--- TASK DIRECTIONS ---
Your output should be the lines below from the one holding "Somsai Samayal" through the one holding "Pulaski Furniture Revival", transcribed exactly, with no pictures.

--- DATA SHOWN ---
+--

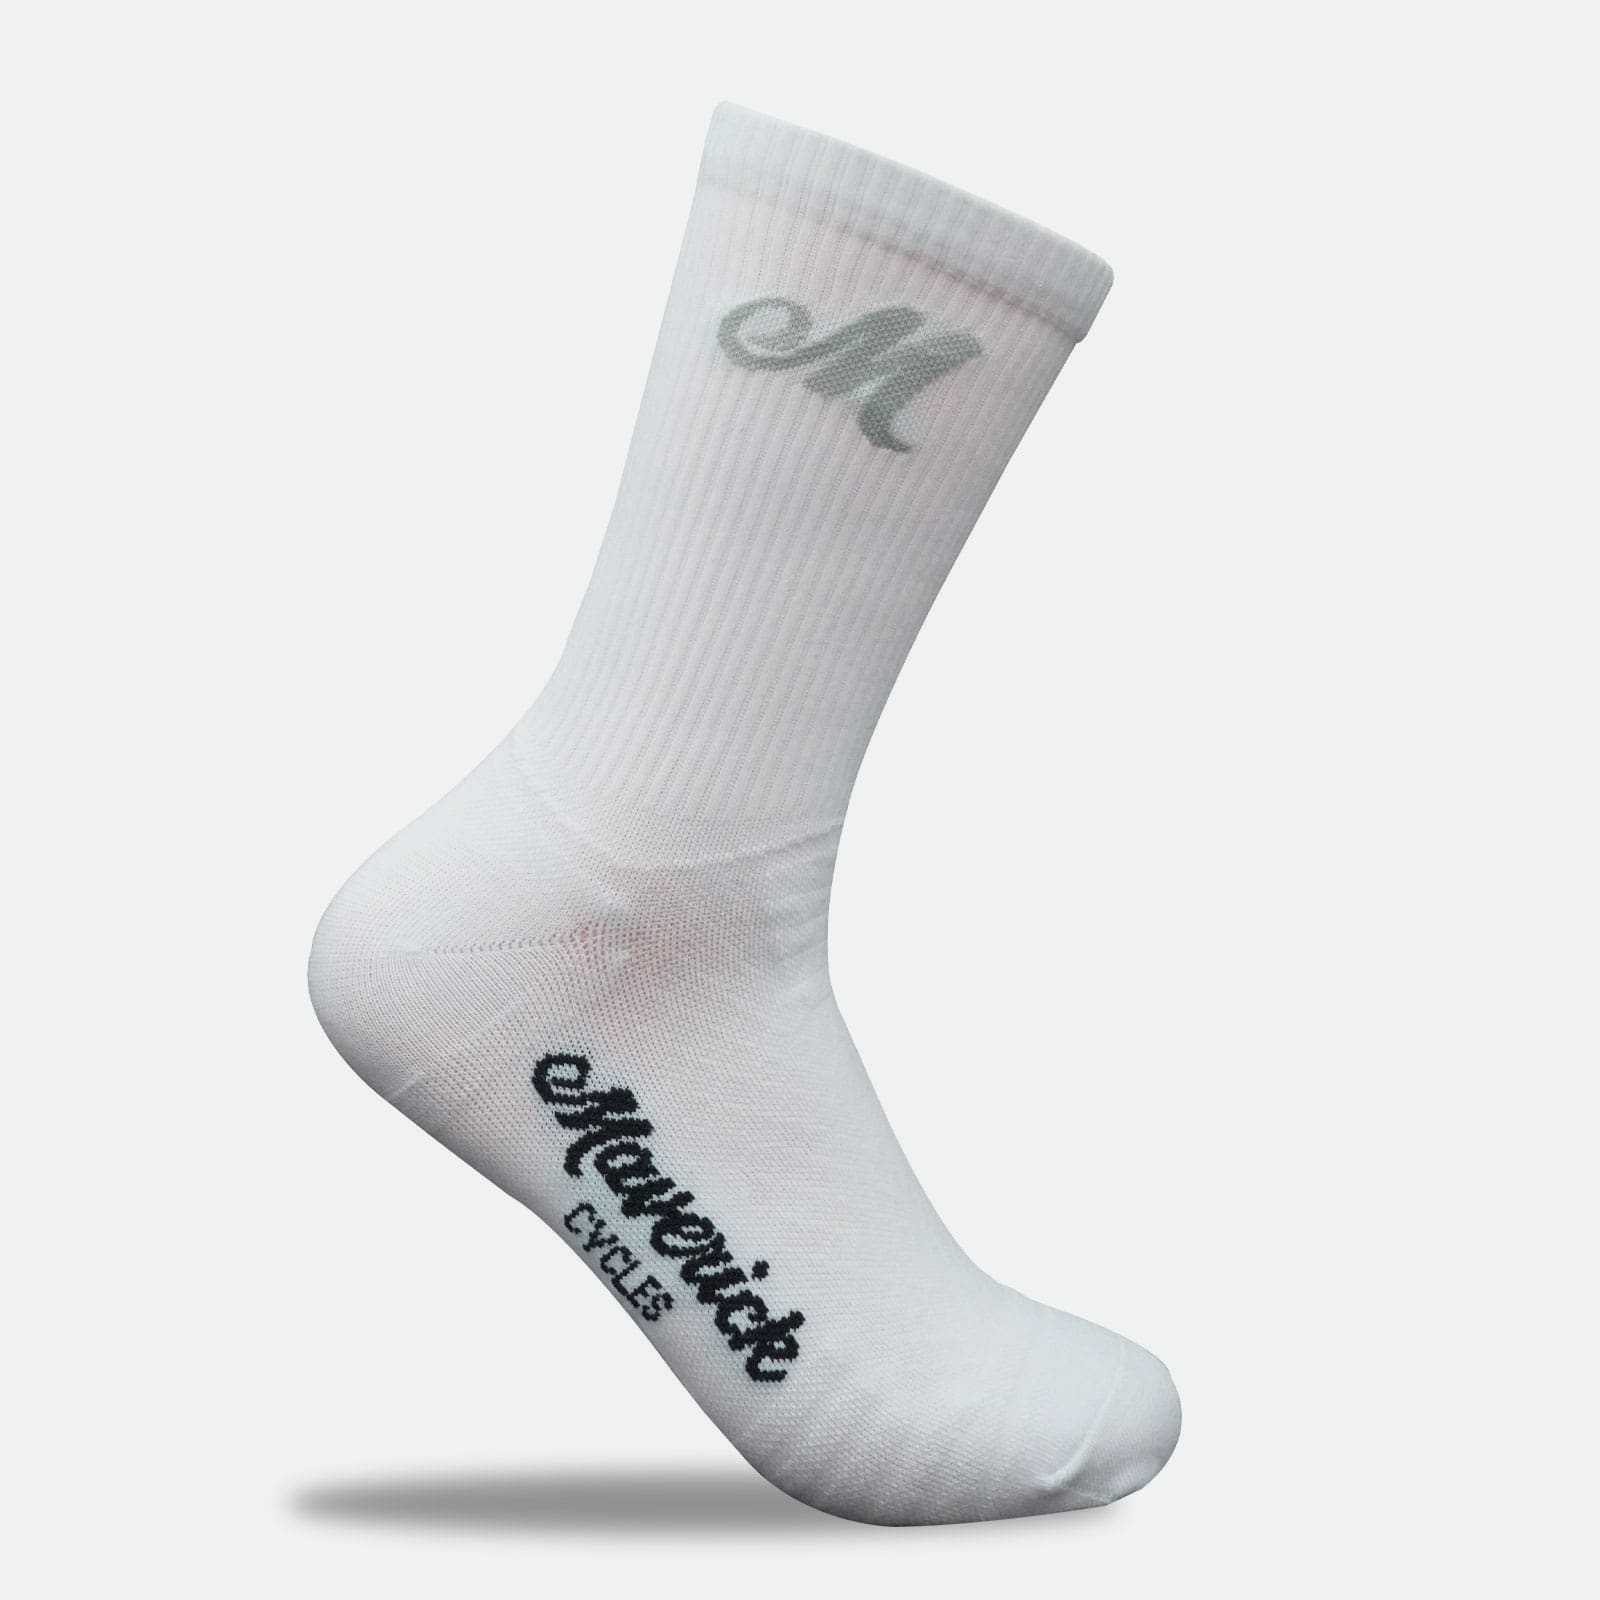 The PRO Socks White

+--

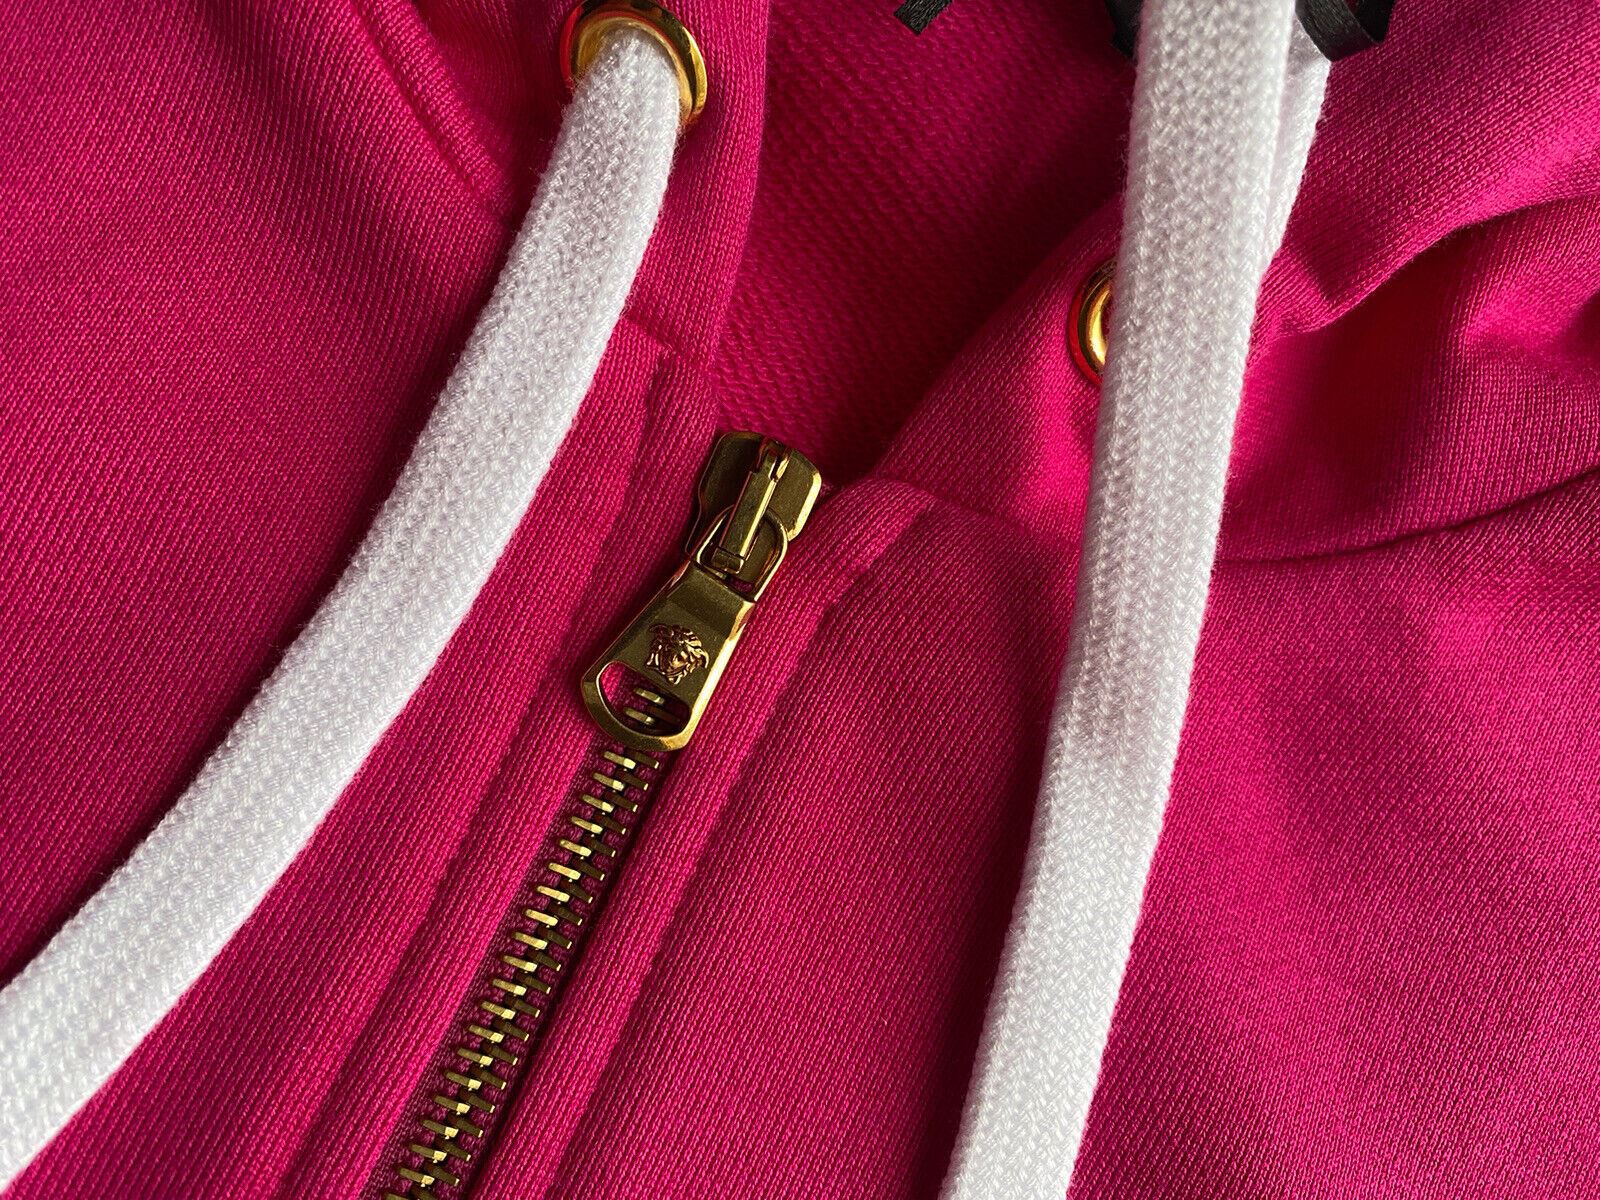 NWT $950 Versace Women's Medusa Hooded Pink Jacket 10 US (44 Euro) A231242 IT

+--

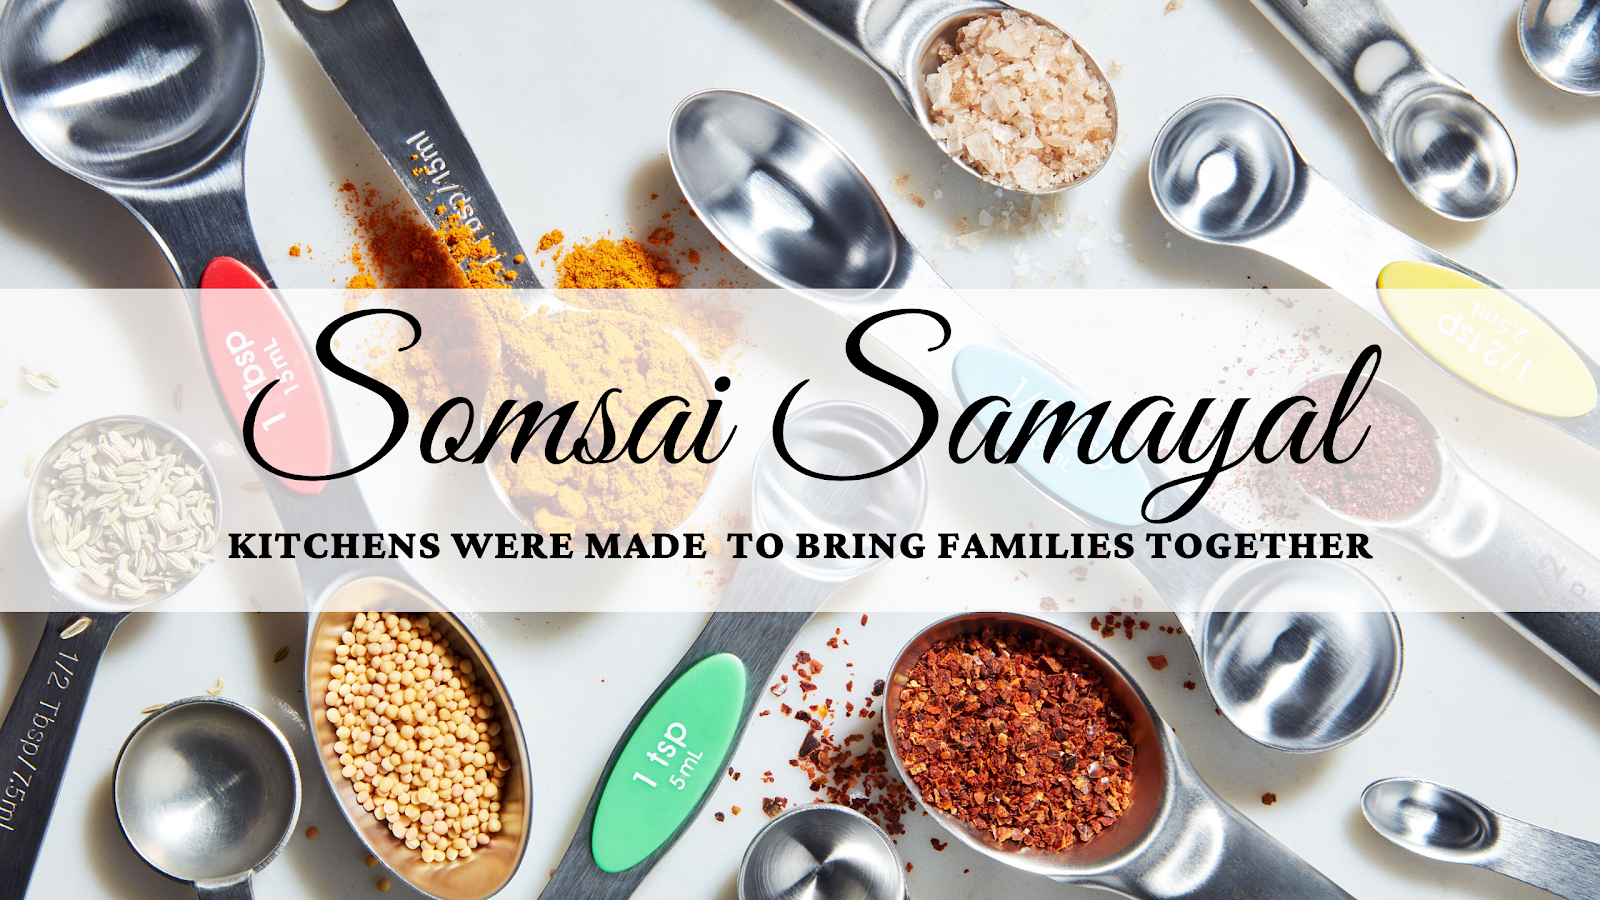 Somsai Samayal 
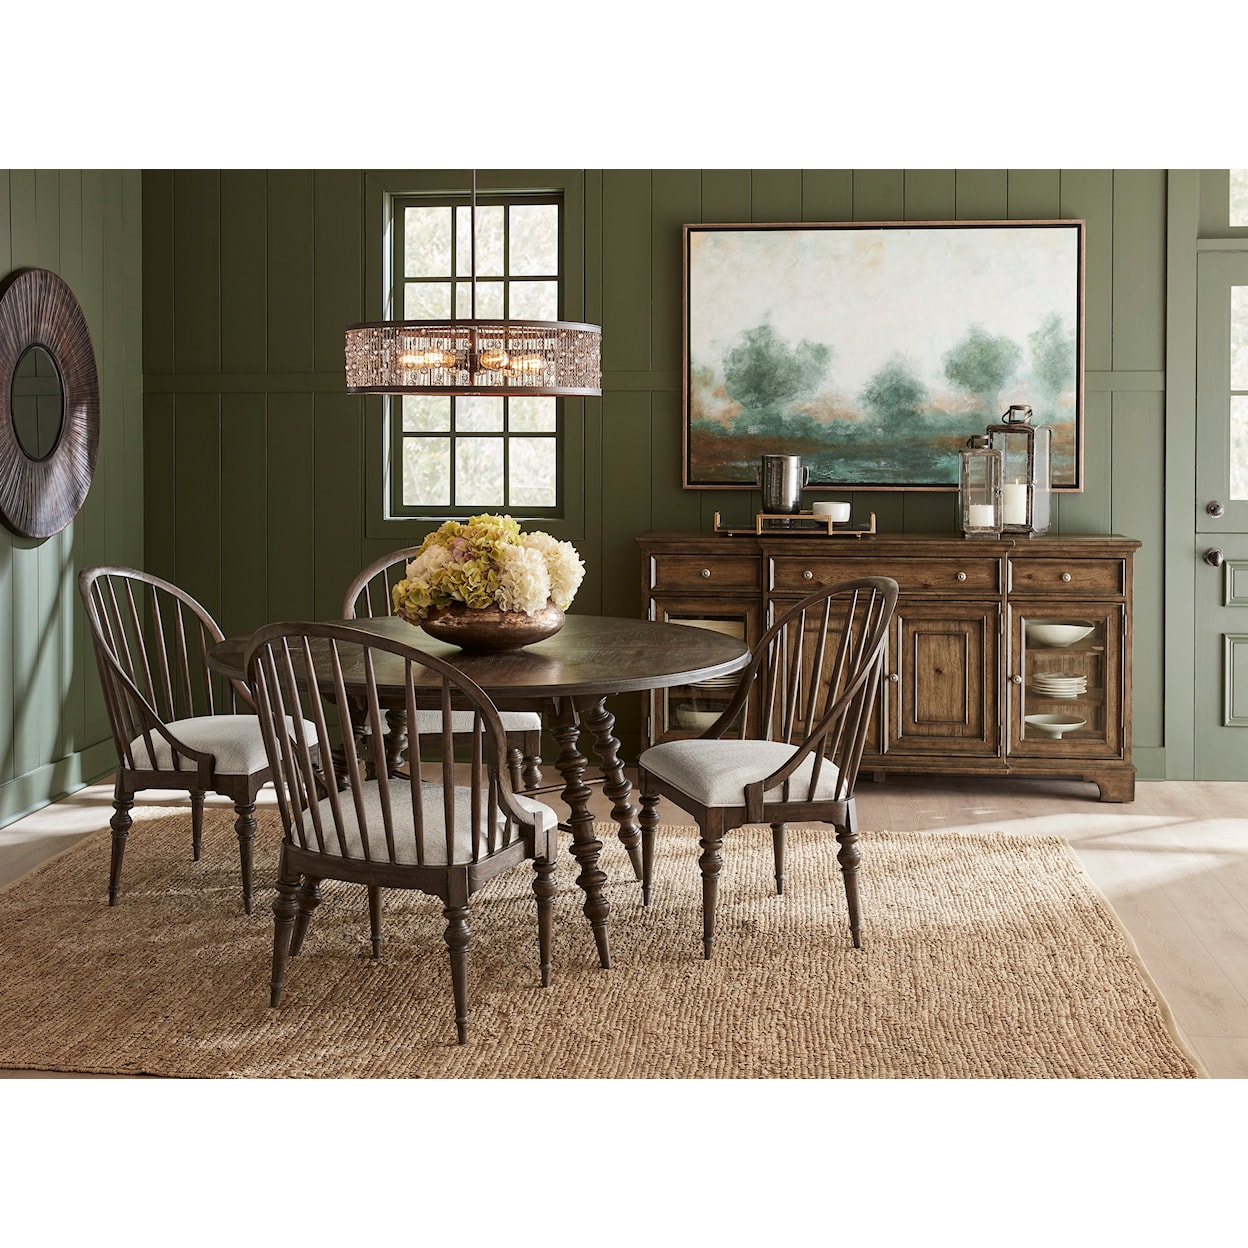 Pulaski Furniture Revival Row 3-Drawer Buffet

+--

--- EXPECTED OUTPUT ---
 Somsai Samayal 
 Pulaski Furniture Revival Row 3-Drawer Buffet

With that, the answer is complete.